As I’ve mentioned in the course of this discussion, we should not distinguish ourselves or our own speech entirely from the press. When we promote the idea that “harmful” speech should be regulated, we’re leaving the definition of terms like “harmful” up to those who control it. Such power isn’t simply going to be used against those who disagree with us it will be used against us as well, particularly when those who disagree with us may someday come to be the one’s wielding it. What is harmful to them is dissent, a challenge to their power and authority, or whatever might benefit their opposition, or jeopardize their careers. And while we may think it’s a nice idea that we won’t be confronted by things we don’t like to listen to, it also has a much broader scope: it isn’t just what others might say, it’s also what all of us are able to hear; it isn’t simply what certain people may write, it’s what all of us can read; it isn’t just what we say, hear, read and write, it’s also what we can learn from textbooks, find in a bookstore, a magazine, a social post, see on TV or YouTube, and share with our friends or family while Siri and Alexa quietly monitor our words. 

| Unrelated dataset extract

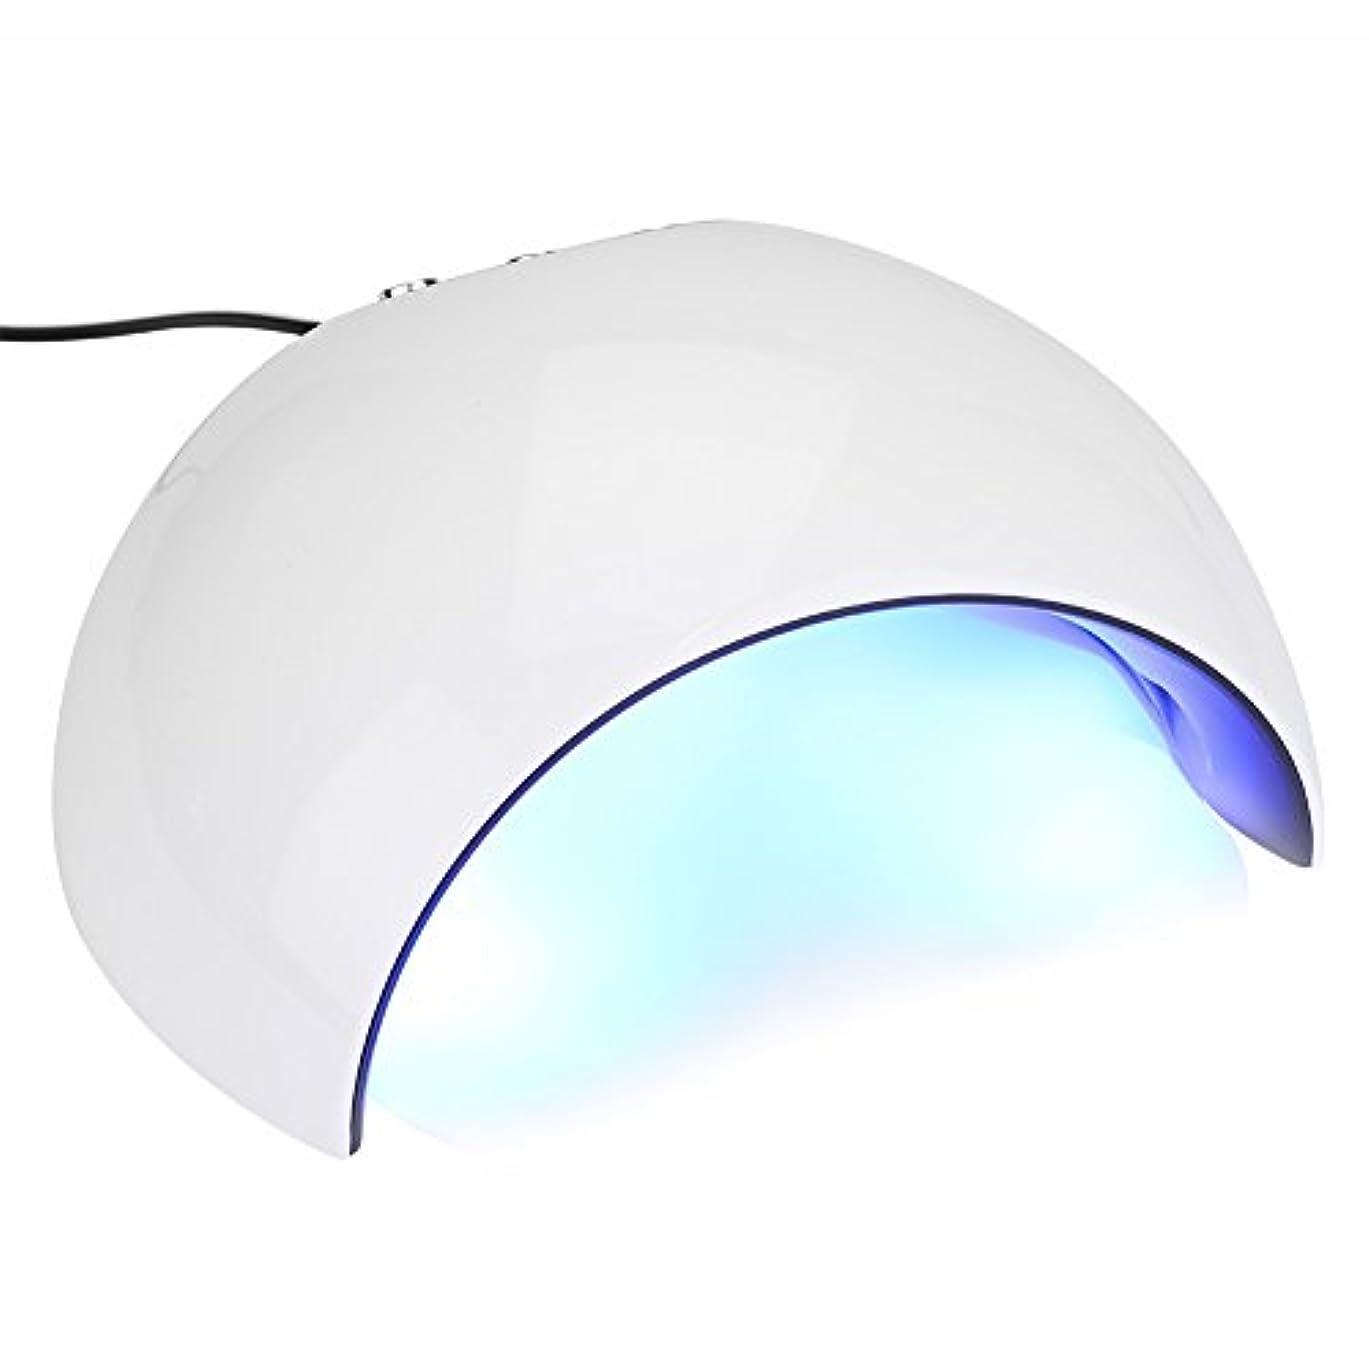 砂の酸度ネズミ24Wネイルドライヤー - 3タイマー60秒、90秒、120秒のUV LEDネイルランプ

It will require that we carefully craft our sentiments in our heads before speaking, to avoid violating the policies put in place to filter what’s spoken. Shaping our minds into conformity one brain cell at a time; minds that will be ever and ever more diminished by an ever diminishing access to the truth. Information true or false isn’t harmful, what’s harmful is believing lies. If we subcontract our determination of what’s true or false to the ruling classes, we’re subcontracting our own development of opinions. And we’re giving power over our minds to that same ruling class who happens to be given that power by garnering a favorable public opinion. It’s a slippery thing, this call to govern information, and not considering carefully the effects of the policies we call for, is precisely the blasé that has resulted in our leaders slyly enacting ever more staggering intrusions on our lives one after another.

“How then should the public conversation be governed?” you might ask. The answer is simple: free people govern themselves. 

Often the response I get from these proponents of silencing a free people, is that “people are too dumb and too gullible to seek the truth for themselves.” I suppose that could be true, but have we learned from experience that these ‘elites’ are so much smarter? And even if they are, which I seriously doubt, how do we ensure they’ll rule over us with benevolence and not impose on us some form of tyranny? Hasn’t history shown us definitively that power corrupts? Yet we should expand our trust in those with power by giving them even more authority over public speech?

Is there more collective wisdom in the few hundred ‘elite’ than the hundreds of millions of people in the public? A public I might add, which doesn’t have the same capacity of imposing their opinions on us by force, or throwing us in jail or worse if we just so happen to disagree with them. Are those that we’re seeking to be in control of the conversation accountable to anyone? Or are we just to blindly trust that they will serve all of our our best interests selflessly without any consideration for their own interests, objectives, profit, or careers? If we seriously want information to be governed, shouldn’t we be asking, and  more importantly: answering, these questions before appointing our governors too?

It is precisely the broad public conversation that allows us to learn, grow, develop, and find the truth together; to develop consensus, taboos, and common ground. And that’s precisely the reason our rulers want to control it. We would be wise to consider very carefully the side effects of the remedies we ingest, before swallowing the elixirs of these ruling classes——the tyrants selling us the policy antidotes for “mis-“, “dis-“, and “mal-information” are most often the biggest peddlers of the poison themselves.